Is EmFace better than Botox or filler?

They do different jobs. Botox softens expression wrinkles and filler restores lost volume, both with fast, visible results that most people notice. EmFace offers a subtler, gradual lift with no needles. One study showed EmFace works fine alongside Botox, which is how many clinics use it: as a complement to injectables, not a replacement. If you want an obvious change, injectables usually deliver more per dollar.

Does EmFace hurt?

Most people find it mild. You feel warmth from the radiofrequency and a tingling or twitching as the muscles contract, but it is not the sharp pain of a needle. In one study, average pain dropped from about 3.5 to 1.6 on a 10-point scale by the fourth session as patients adjusted. There is no numbing needed and no recovery time afterward.

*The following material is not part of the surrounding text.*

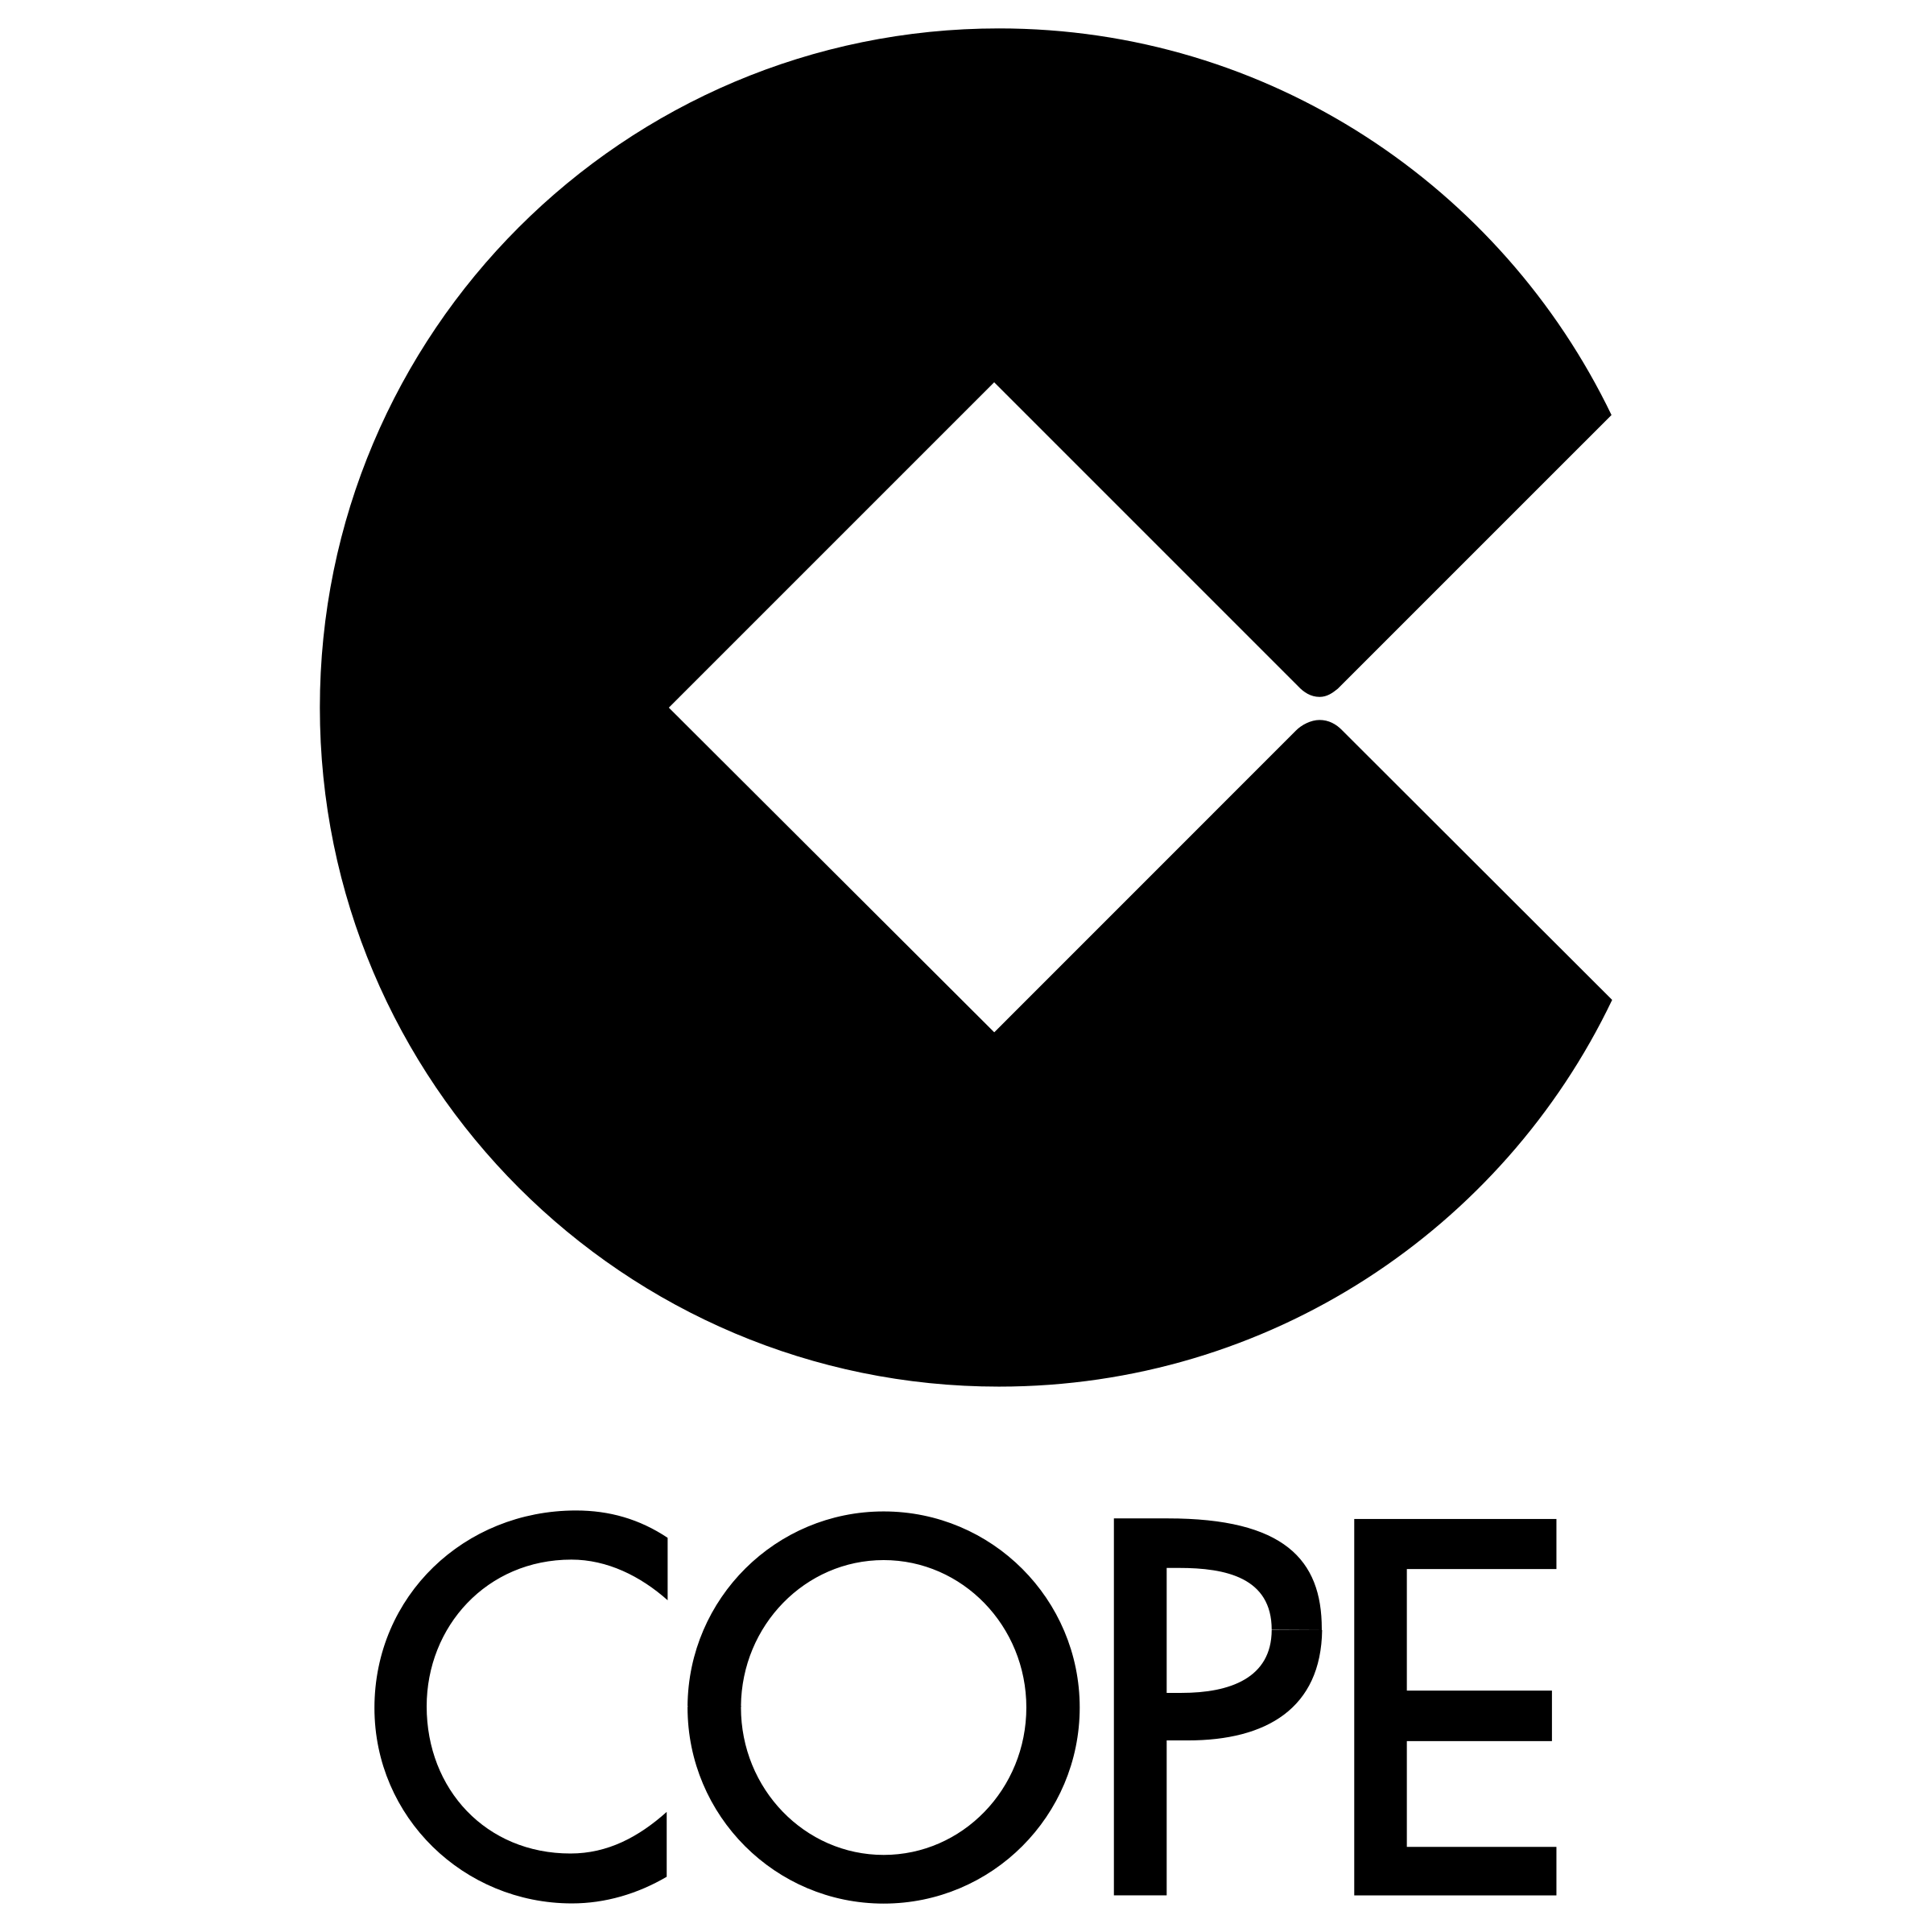 Cope Logo - Cope Logo PNG Transparent & SVG Vector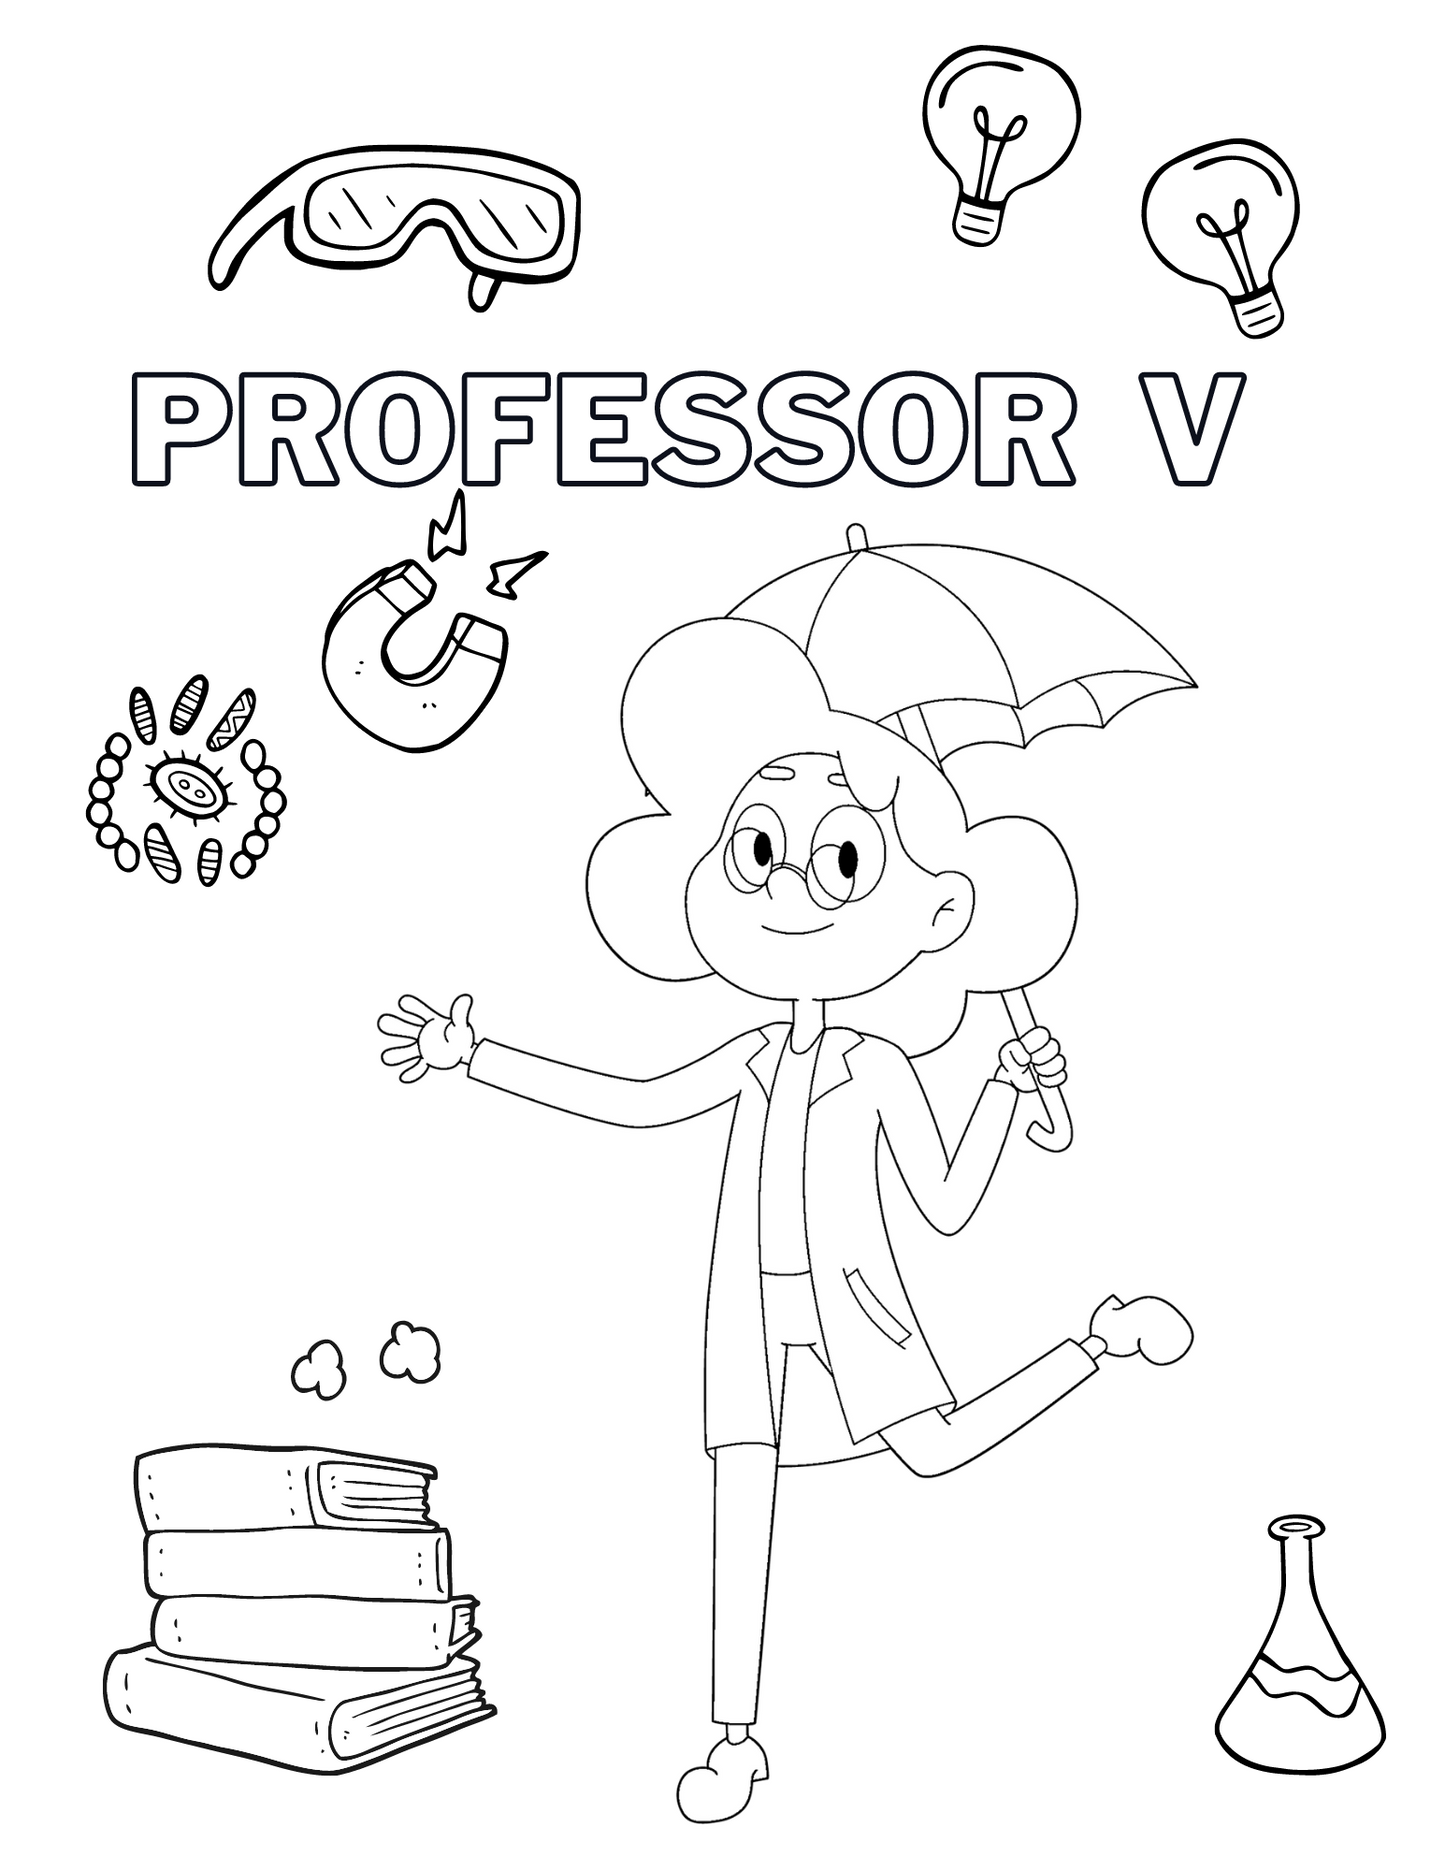 Free Download - Professor V Coloring Sheet (1 Quantity = Unlimited Downloads)

Is EmFace safe and are there side effects?

Across the published studies, no serious side effects were reported. The common ones are mild and brief: redness, warmth, light tingling, and occasional slight swelling that fade within a day. The main safety rule is who should avoid it: people with pacemakers or metal implants near the face, those who are pregnant, and anyone with a seizure history. A good clinic screens for these before your first session.


This article is for general information only and is not medical advice. Talk to a licensed physician or qualified medical provider before starting any aesthetic treatment.